--- Data Enclosed Below ---

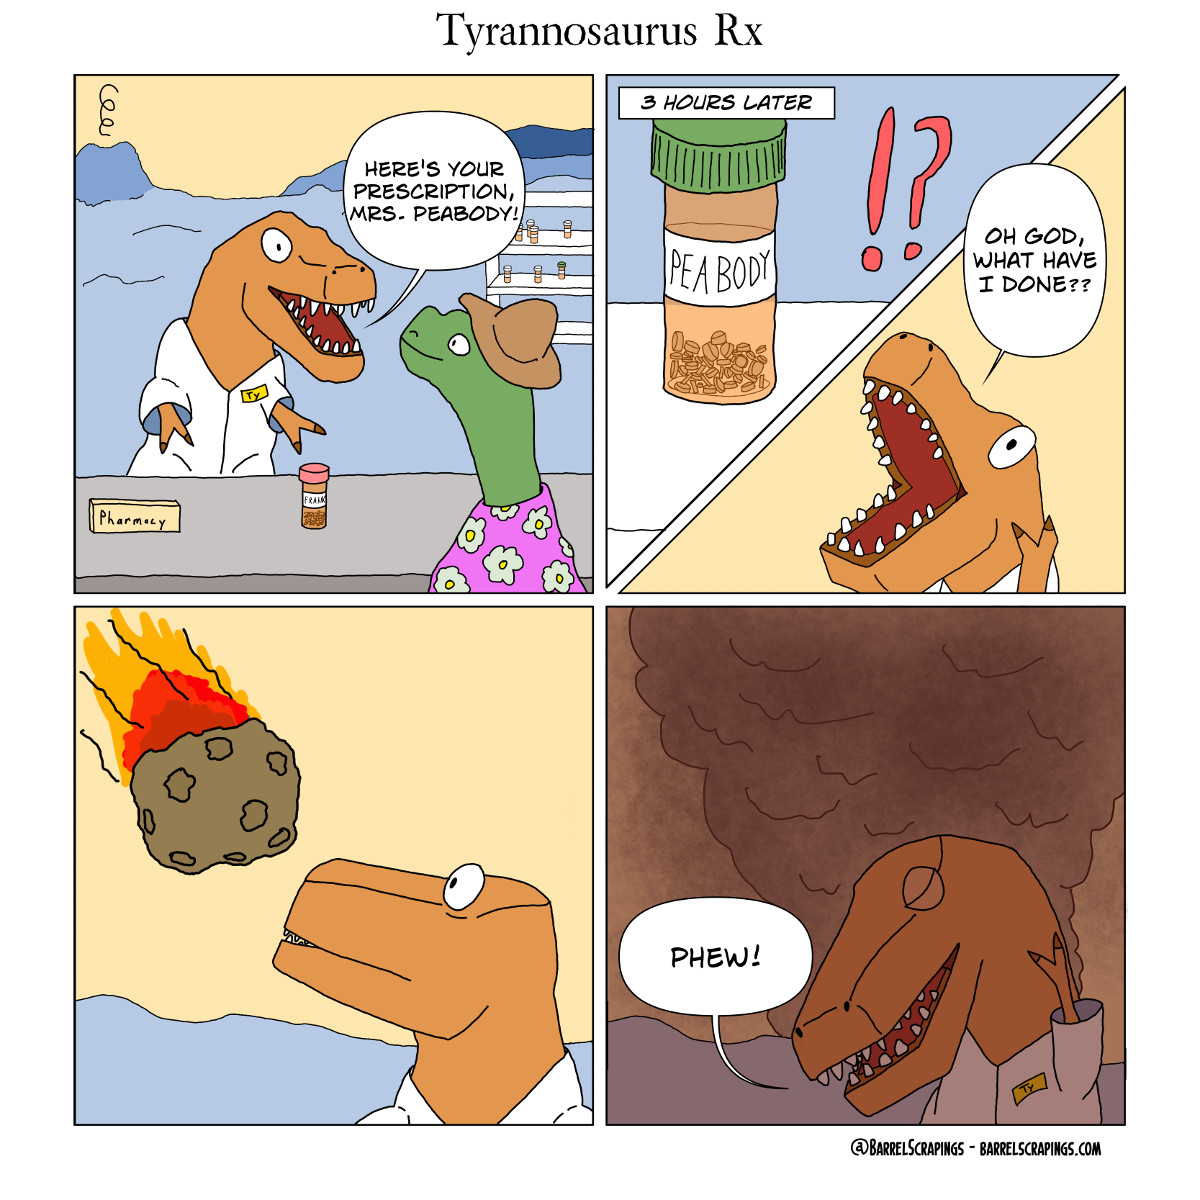 Panel 1: At a pharmacy. T-Rex with “Ty” nametag is serving a green dinosaur in flowered dress. He says, “Your prescription is ready, Mrs. Peabody!”. The label on the prescription he hands her says Frank. Panel 2: 3 hours later, he finds Mrs. Peabody’s prescription still on the shelf. He shouts, “Oh god, what have I done?” Panel 3: He sees a meteor hurtling towards earth. Panel 4: The sky is filled with smoke and the end is nigh. He wipes his brow and says, “Phew”
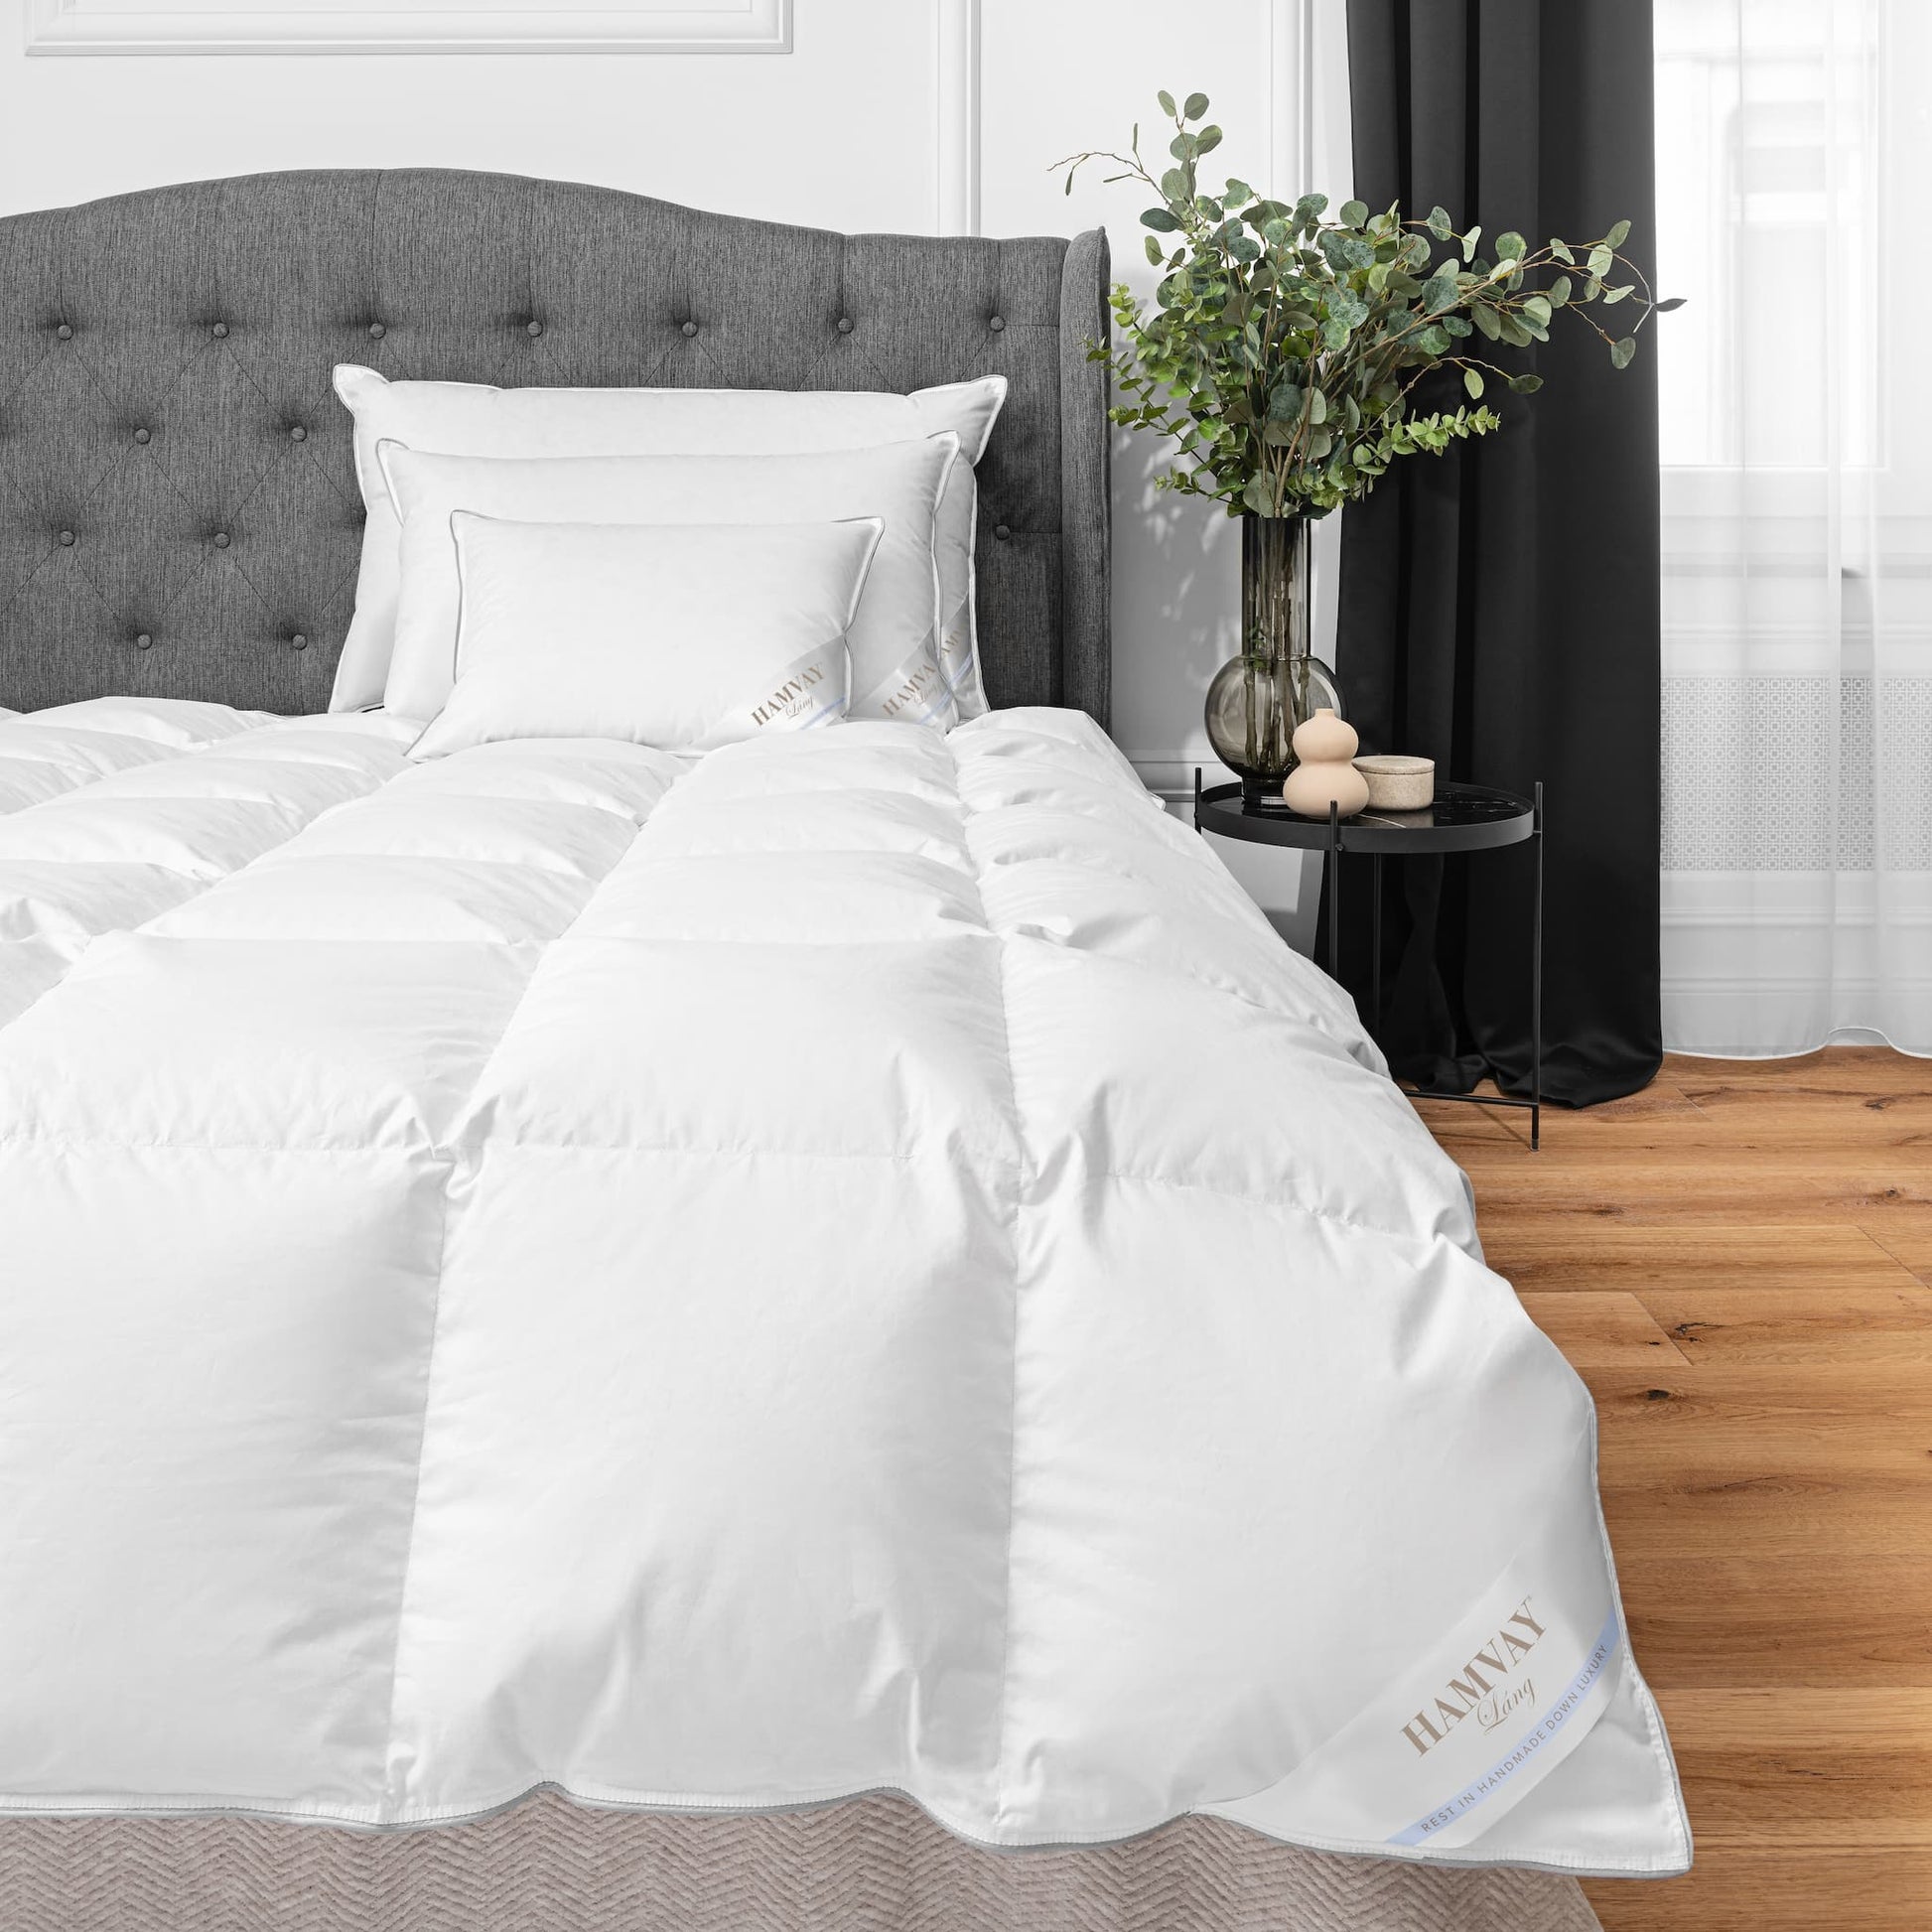 Ultimate Hungarian goose down comforter and pillows on a neatly made bed
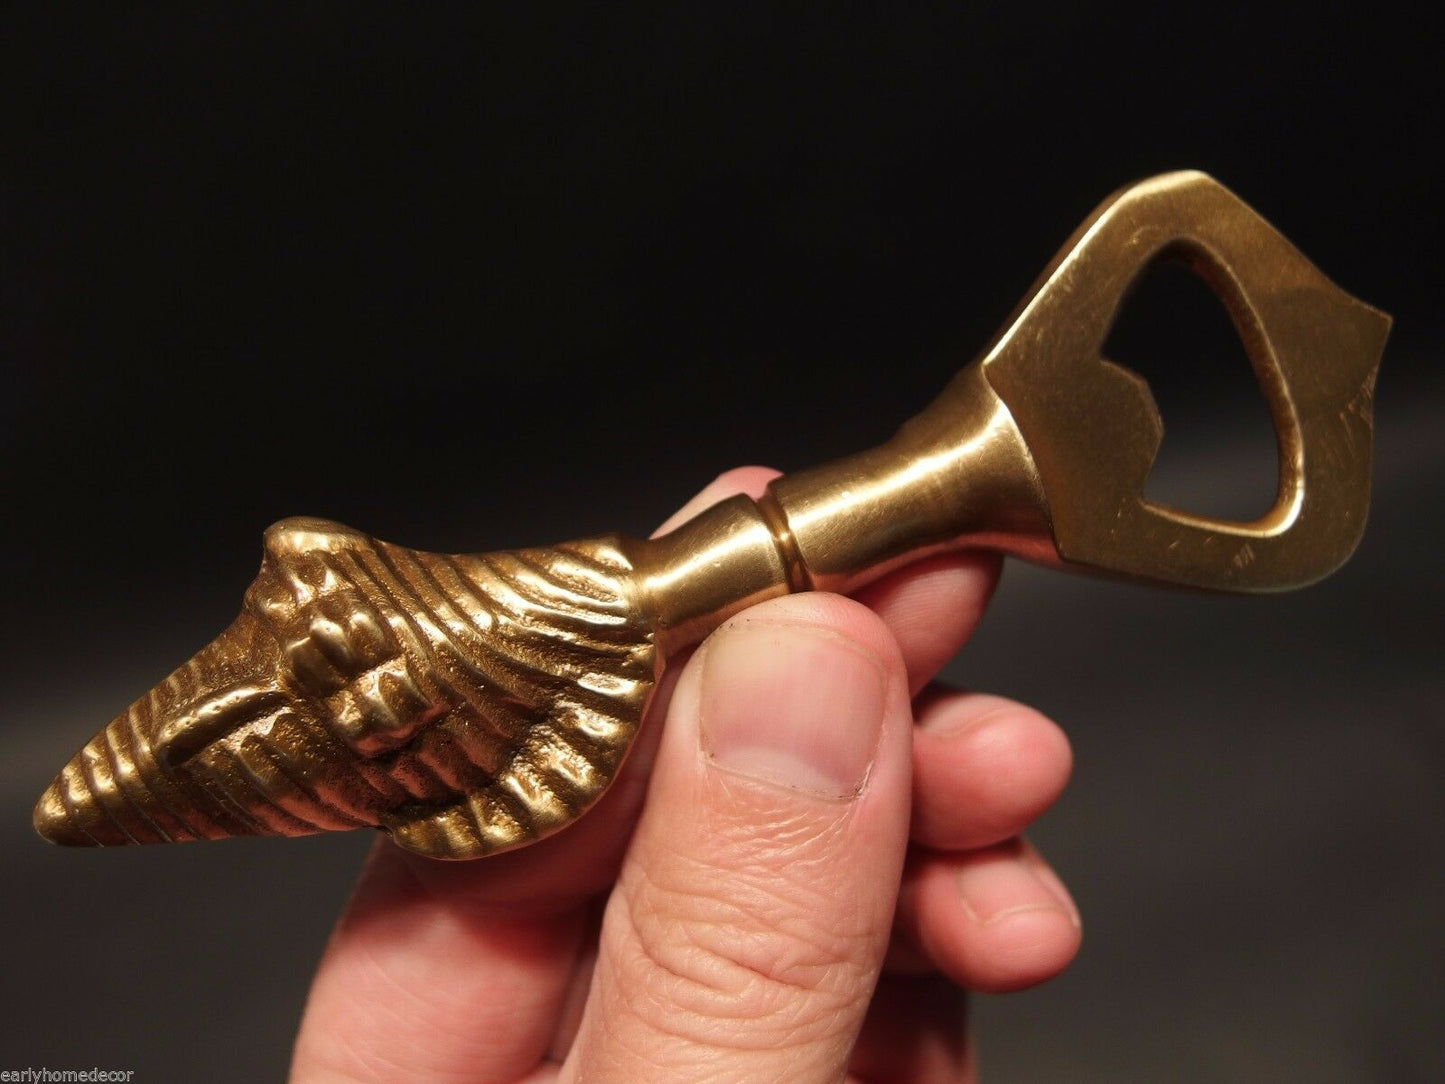 Vintage Antique Style Brass Fishing Conch Shell Beer Soda Bottle Cap Opener - Early Home Decor
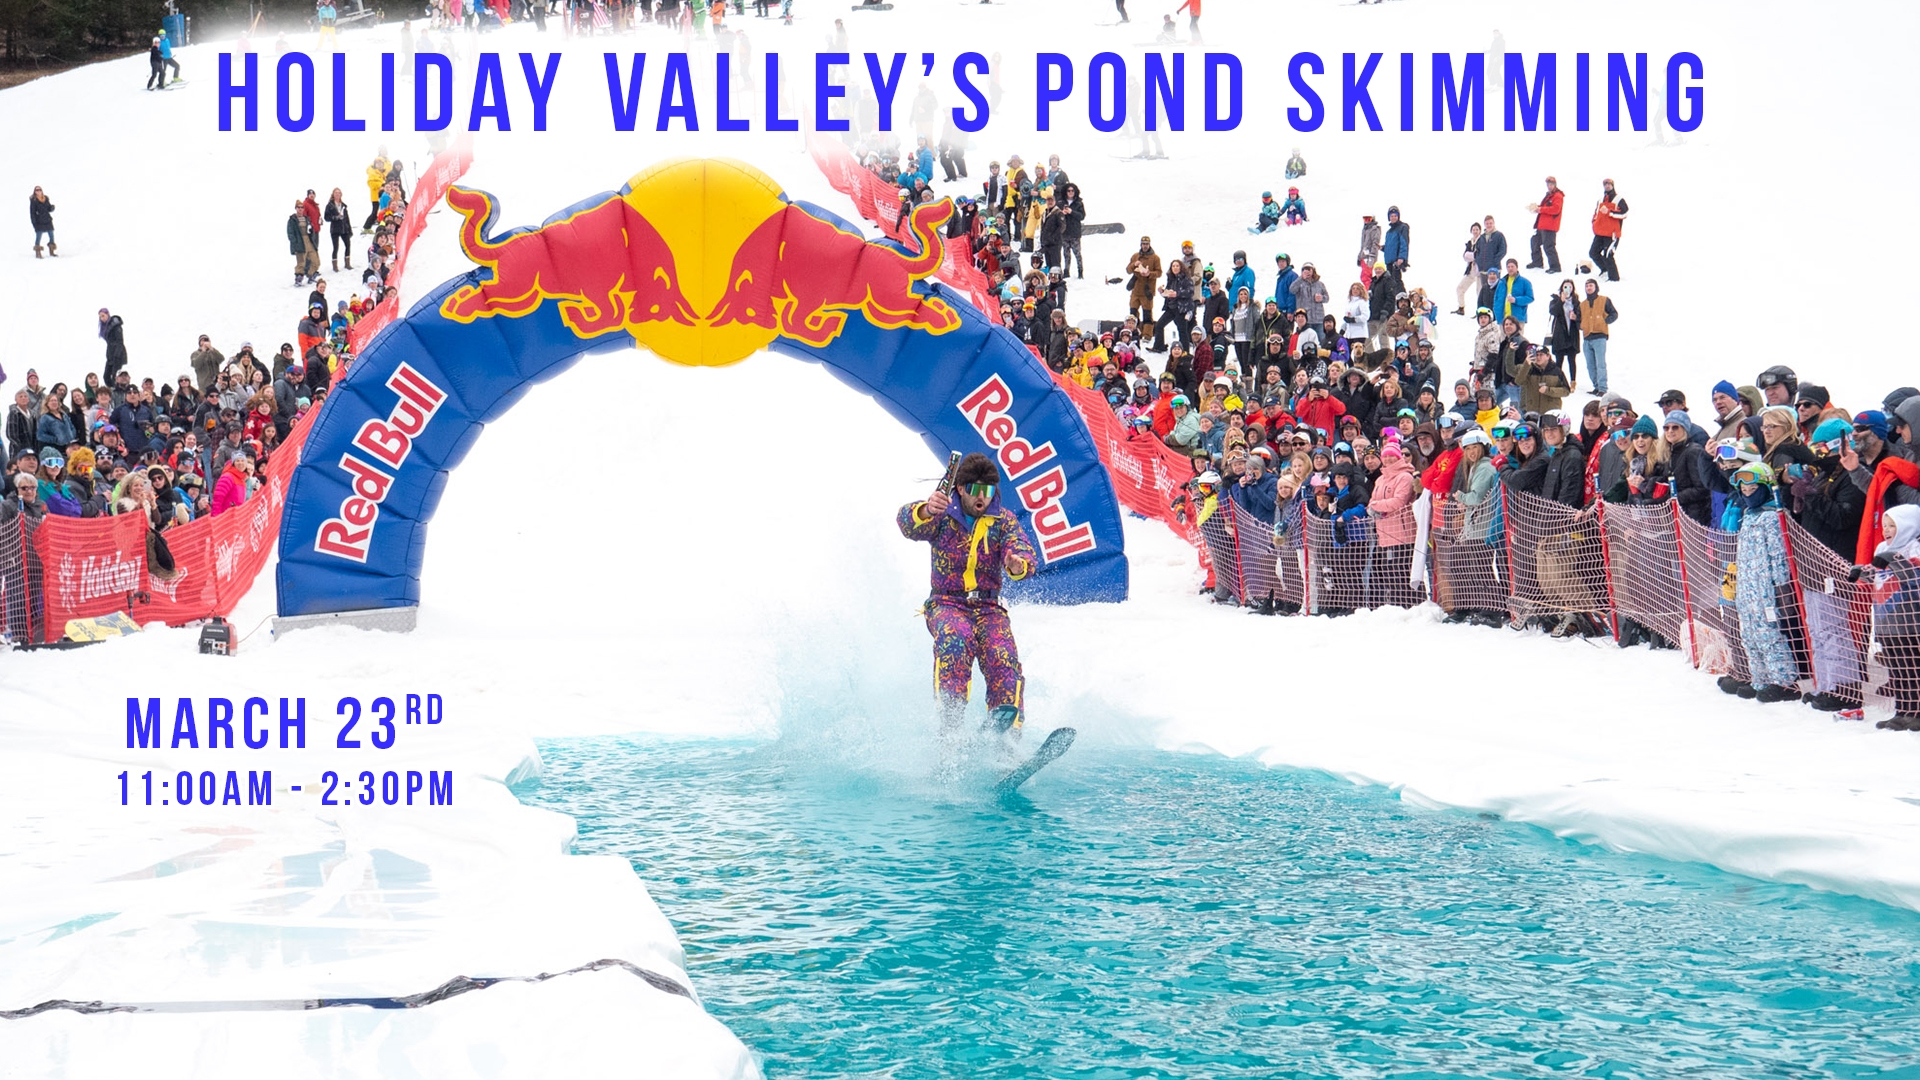 Holiday Valley Pond Skimming March 23rd

--- End of Enclosed Data ---

-- Exercise requirements --
Print the material precisely as given, dropping any images it holds.

-- Output --
 Panel 1: At a pharmacy. T-Rex with “Ty” nametag is serving a green dinosaur in flowered dress. He says, “Your prescription is ready, Mrs. Peabody!”. The label on the prescription he hands her says Frank. Panel 2: 3 hours later, he finds Mrs. Peabody’s prescription still on the shelf. He shouts, “Oh god, what have I done?” Panel 3: He sees a meteor hurtling towards earth. Panel 4: The sky is filled with smoke and the end is nigh. He wipes his brow and says, “Phew”
 Ultimate Hungarian goose down comforter and pillows on a neatly made bed
 Vintage Antique Style Brass Fishing Conch Shell Beer Soda Bottle Cap Opener - Early Home Decor
 Holiday Valley Pond Skimming March 23rd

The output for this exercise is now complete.